The ADAPT Study: Use of Emtricitabine and Tenofovir Disoproxil Fumarate for Pre-Exposure Prophylaxis (PrEP)

NCT ID: NCT01327651

Last Updated: 2025-03-27

Basic Information

• Recruitment Status: COMPLETED
• Clinical Phase: PHASE2
• Total Enrollment: 622 participants
• Study Classification: INTERVENTIONAL
• Study Start Date: 2011-08-31
• Study Completion Date: 2014-12-31

Brief Summary

Pre-exposure prophylaxis (PrEP) is a method of preventing HIV infection through the use of antiretroviral (ARV) medications before exposure to HIV. This study will examine the feasibility of different methods of dosing for a PrEP regimen. Three methods of delivery will be compared: daily, time-based, and event-based.

Detailed Description

No single strategy for the prevention of HIV has emerged as consistently used and successful, so multiple strategies have been developed. PrEP involves delivering ARV medications to people before they are exposed to HIV, in order to prevent infection. The optimal method of delivering PrEP has not yet been determined. This study will examine the feasibility of delivering PrEP in three methods. Daily dosing involves receiving ARV medications every day; time-driven dosing involves receiving ARV medications twice weekly plus a post-exposure dose; and event-driven dosing involves receiving ARV medications before and after a potential exposure to HIV. The ARV medication that will be used in this study is a combination pill that contains emtricitabine and tenofovir disoproxil fumarate (FTC/TDF). Recent research studies have shown that, if taken consistently, a daily oral dose of FTC/TDF can reduce the risk of HIV infection.
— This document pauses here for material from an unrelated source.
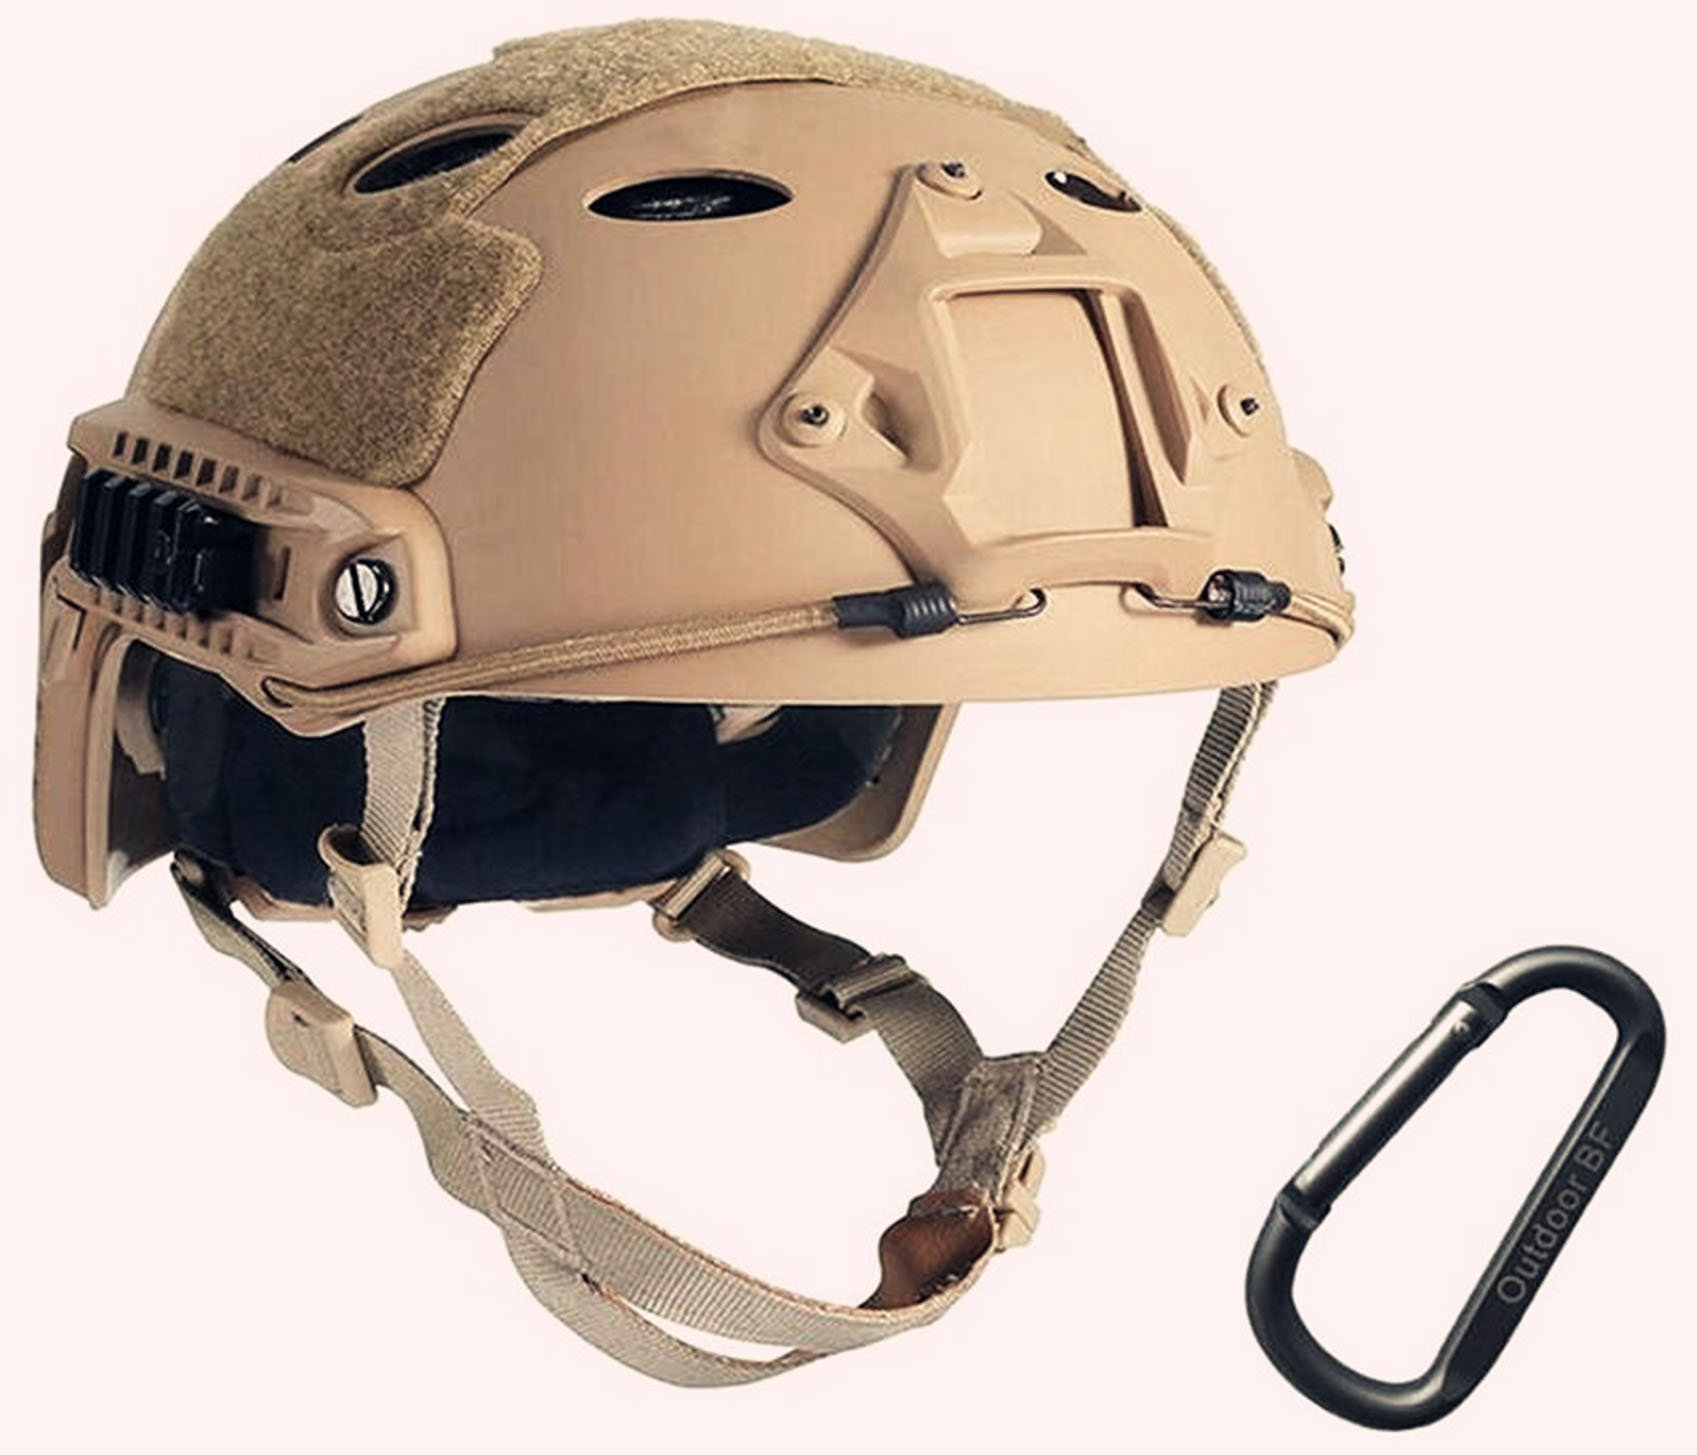 Tactical Fast Adjustable Helmet PJ Type (Tan) by Outdoor BF

This study will enroll HIV-uninfected men who have sex with men and transgender women (MSM/TGW) and women who have sex with men (WSM). Participation will last 34 weeks. All participants will be given a combination pill that contains FTC/TDF. For the first 5 weeks, all participants will come to the study clinic weekly to receive a single dose of FTC/TDF.

At Week 6, participants will be randomly assigned to one of three groups. In the daily dosing group, participants will take FTC/TDF once a day. In the time-dosing group, participants will take FTC/TDF twice per week and another dose after sexual intercourse (a post-exposure dose). In the event-dosing group, participants will take FTC/TDF before and after sexual intercourse. During this part of the study, participants will be given FTC/TDF to take on their own. Every week, from Week 6 to Week 29, study officials will call to ask questions about how many pills participants have taken and when they have had sexual intercourse. Participants will also complete computer-assisted self-interviews (CASIs).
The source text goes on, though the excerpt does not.